Ce modeste ouvrage a pour objectif de fournir quelques clés de
compréhension sur ce dont il est question lorsqu’on parle ainsi de « santé
mentale », de « troubles mentaux », de « souffrance psychique », et de
fournir les bases nécessaires pour comprendre ce domaine et utiliser
efficacement les stratégies d’interventions produites dans le champ
scientifique pour améliorer la dite santé mentale – qui seront présentées
dans un deuxième ouvrage de cette même collection (2).

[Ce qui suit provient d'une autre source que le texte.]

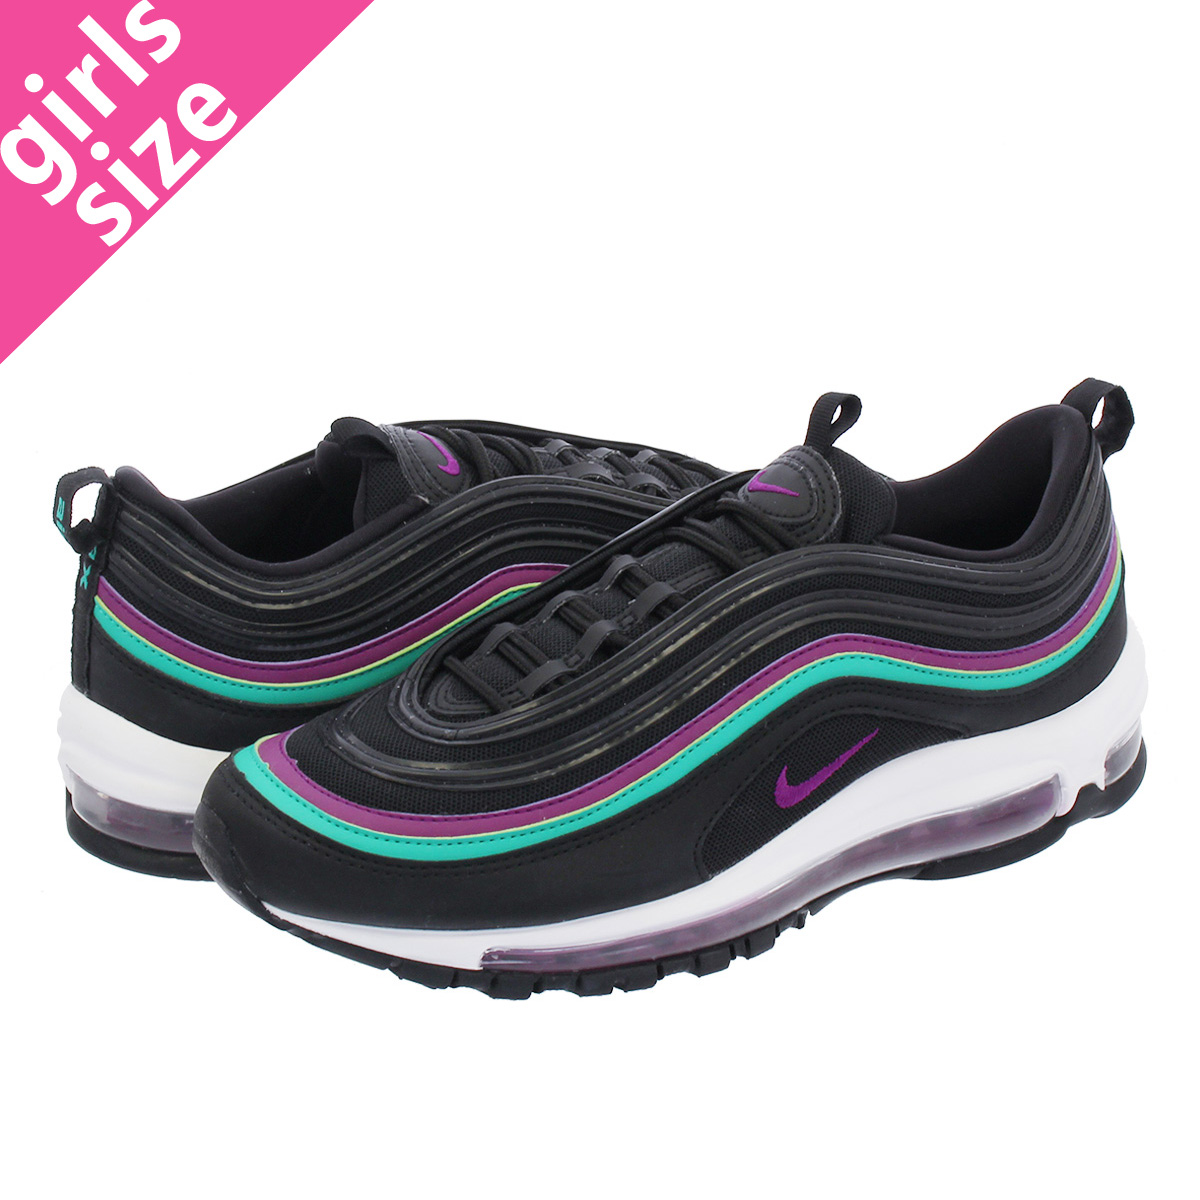 reputable site 03d8c 337d0 LOWTEX BIG-SMALL SHOP NIKE WMNS AIR MAX 97 Nike women Air Max 97  BLACKBRIGHT GRAPECLEAR EMERALD 921,733-008  Rakuten Global Market
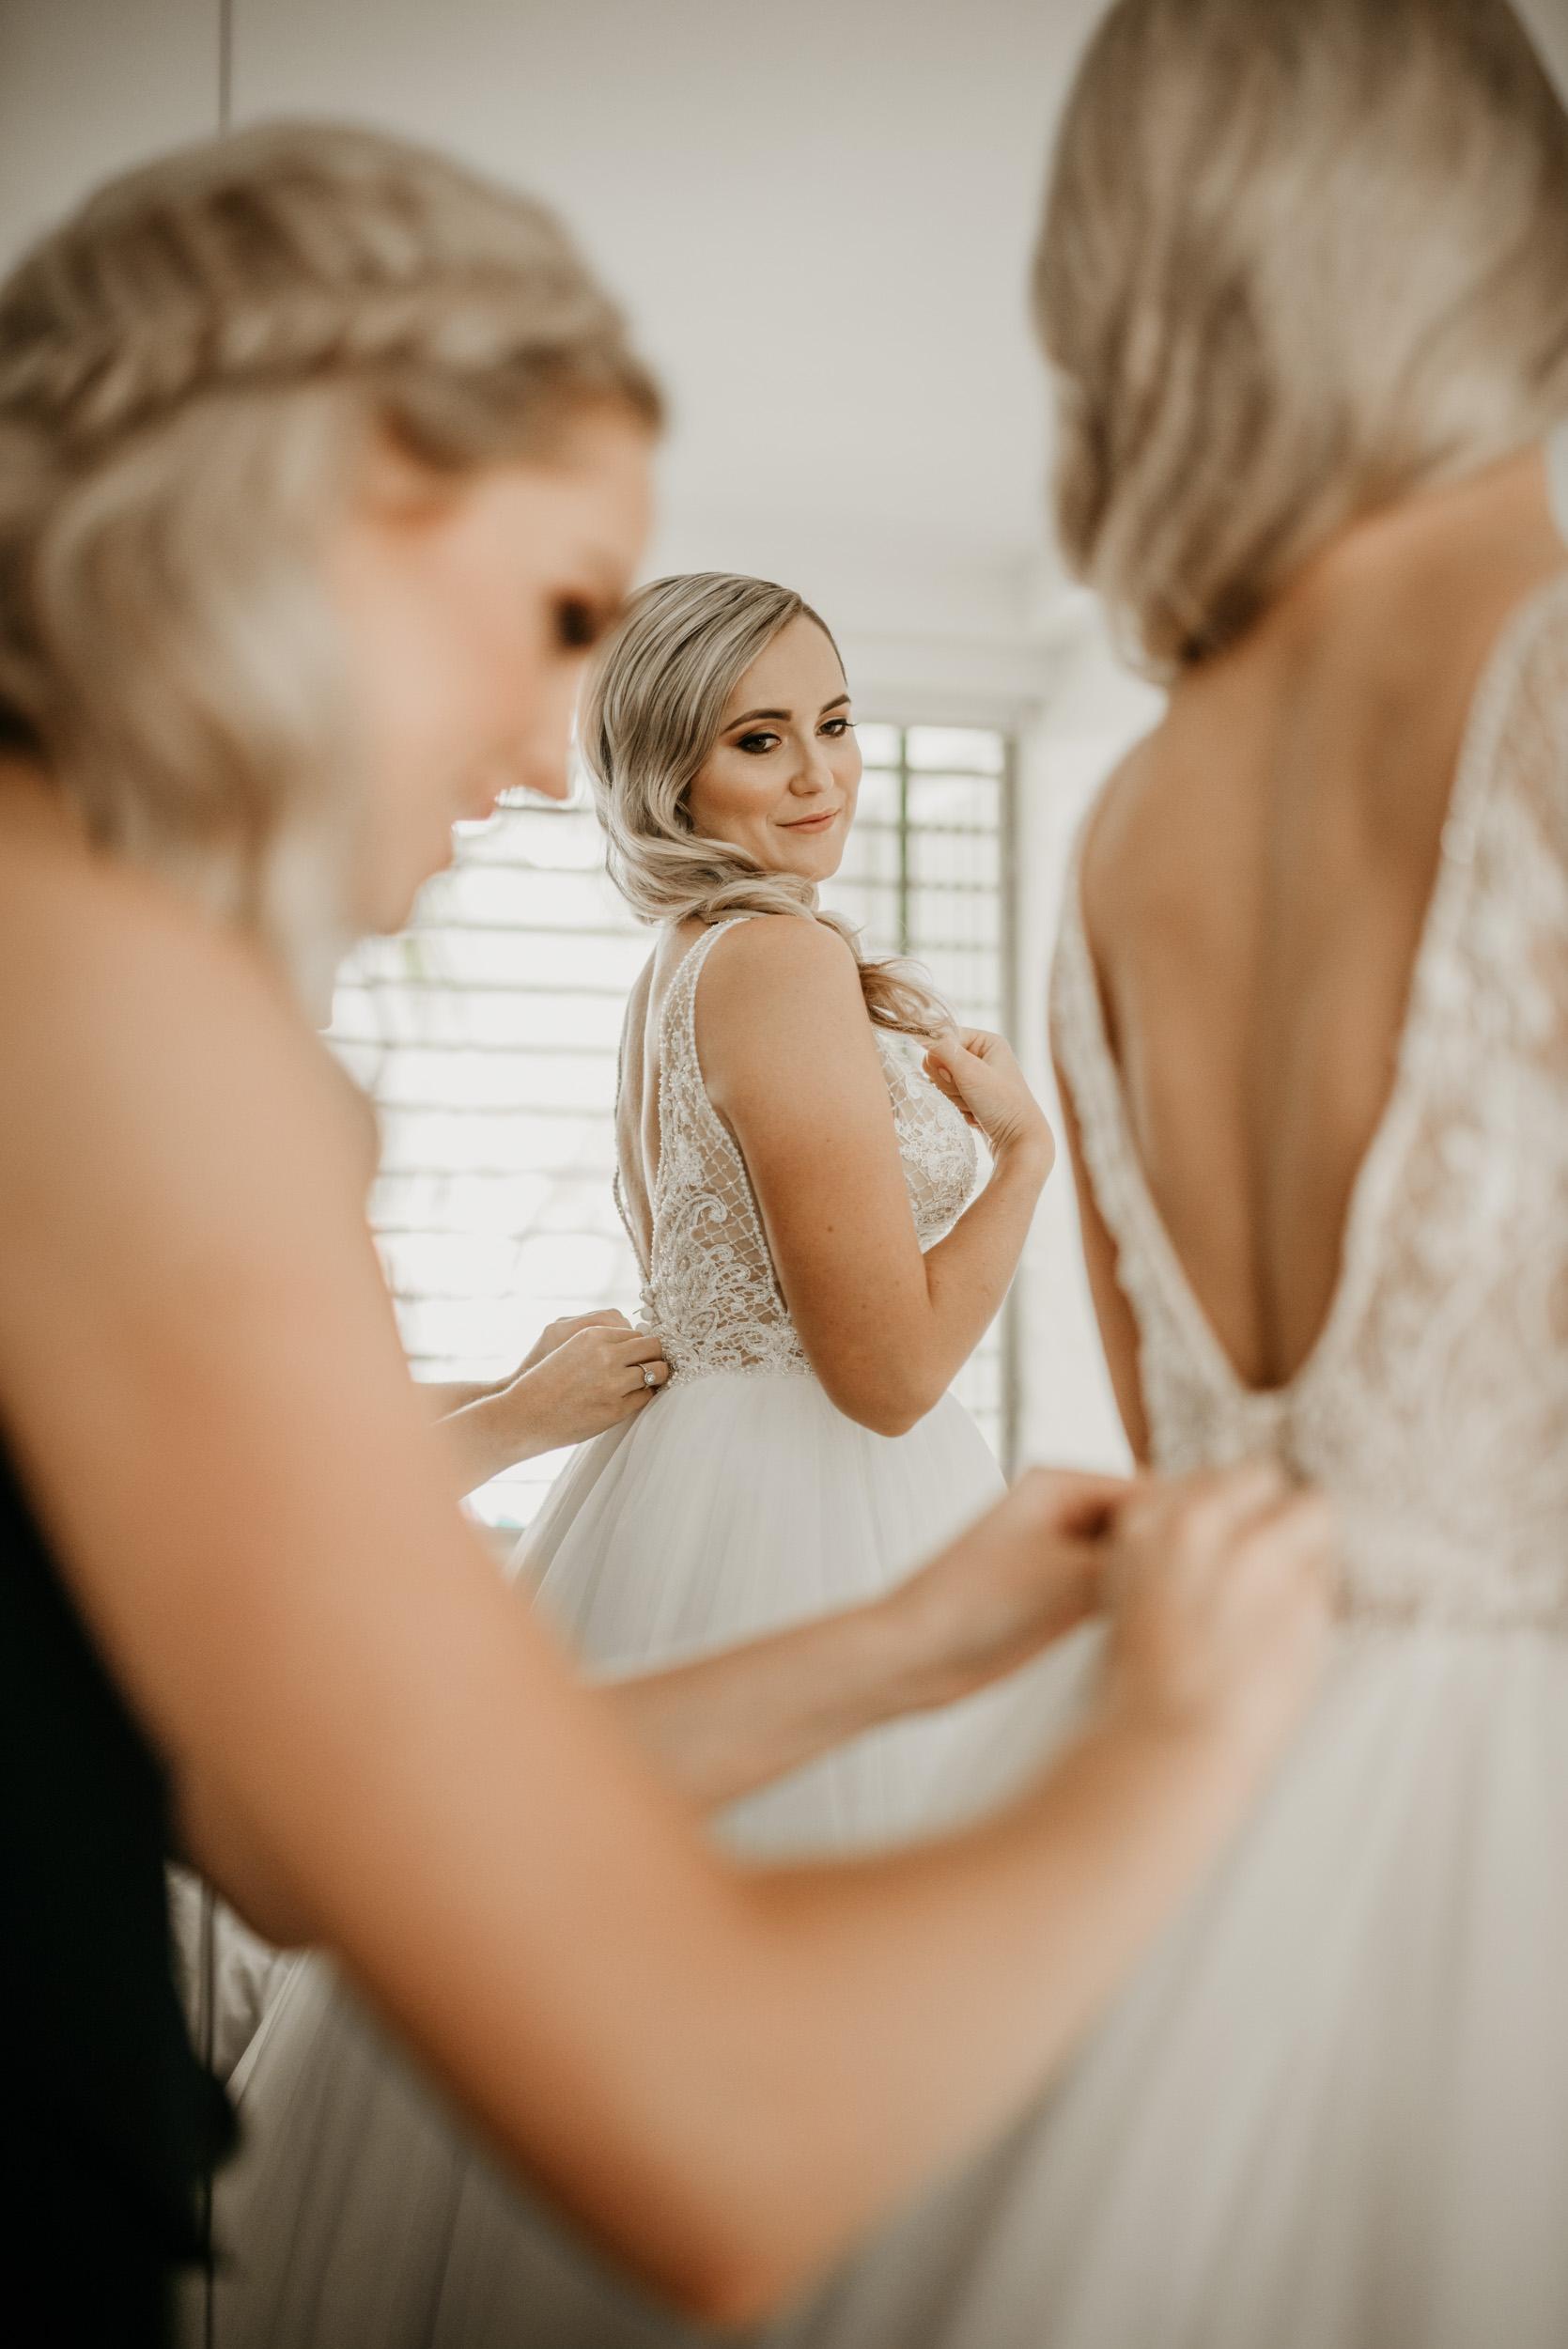 The Raw Photographer - Cairns and Port Douglas Wedding Photographer - Best of 2018-9.jpg

Conçu comme les autres ouvrages de cette collection pour être lu en moins
de 90 minutes, ce livre n’ambitionne évidemment pas de faire le tour d’un
domaine particulièrement difficile, puisqu’il concerne ce qui distingue
l’humain au sein du règne animal, la complexité de sa vie psychique,
relationnelle, sociale. Il se centre au contraire sur deux manières de
concevoir la santé mentale que nous pouvons considérer comme « idéal-
typiques » des multiples théories, courants, écoles et points de vue qui
organisent le champ foisonnant de la recherche scientifique en santé
mentale. L’une, celle de la psychiatrie scientifique internationale, qui trouve
sa formalisation dans le célèbre « Manuel Diagnostique et Statistique des
Troubles Mentaux », le DSM, s’intéresse essentiellement aux différentes
manières d’aller mal (et d’y remédier). L’autre, davantage portée par la
psychologie, et en particulier ce qu’il est convenu d’appeler la psychologie
positive, s’intéresse plutôt aux différentes manières d’aller bien (et d’aller
mieux). Ces deux « courants », qui ont chacun développé
opérationnellement leurs concepts, leurs outils de mesure, leurs procédures
d’évaluations – que nous présenterons dans la seconde partie… s’ancrent
également dans des positionnements philosophiques et anthropologiques
(des modèles de l’humain et de la santé) qu’il est indispensable de
comprendre pour saisir les principes organisateurs des mises en œuvre
techniques. Nous les examinons en première partie.
Définir la santé
Définitions générales
«Un état de complet bien-être physique, mental et social, qui ne consiste
pas seulement en une absence de maladie ou d’infirmité ». C’est la
définition que donne l’OMS de la santé dans le « Préambule à la
Constitution de l’Organisation mondiale de la Santé, tel qu’adopté par la
Conférence internationale sur la Santé, New York, 19-22 juin 1946; signé le
22 juillet 1946 par les représentants de 61 États. 1946; (Actes officiels de
l’Organisation mondiale de la Santé, n°. 2, p. 100) et entré en vigueur le 7
avril 1948 » (3).
Cette définition, très officielle et très citée, demeurée inchangée depuis
1946, a pourtant fait l’objet de nombreuses critiques. La plus commune
concerne le côté « absolutiste » du terme « complet » pour qualifier l’état de
bien-être, assimilé à la santé, qui fait de chacun qui n’aurait pas atteint un
tel niveau, si ce n’est un malade, du moins quelqu’un en permanente
mauvaise santé. C’est une porte ouverte à une médicalisation de la vie
quotidienne dans une quête sans limites d’un état utopique, où les frontières
de la santé, du bien-être et du bonheur se brouillent. Porte que les acteurs
économiques et sociaux qui ont un intérêt à l’extension du périmètre
d’intervention de la médecine et des interventions de santé ne manquent pas
d’emprunter pour développer leur communication à destination des
populations. Celle-ci fait de la santé un idéal impératif et toujours plus
exigeant, que l’on atteindrait d’autant mieux qu’on aurait recours aux
multiples aides expertes que nous proposent les dits acteurs. D’autant plus
exigeant que le terme « complet » n’est assorti d’aucune définition
opérationnelle mesurable. L’OMS a certes proposé des classifications
officielles extrêmement détaillées : Classification Internationale des
Maladies, Classification Internationale du Fonctionnement, Classification
Internationale des Interventions de Santé. Mais aucune définition
« positive » de la santé qui concernerait la partie qui demeure une fois
qu’on a en a enlevé la partie « négative » des maladies et des handicaps.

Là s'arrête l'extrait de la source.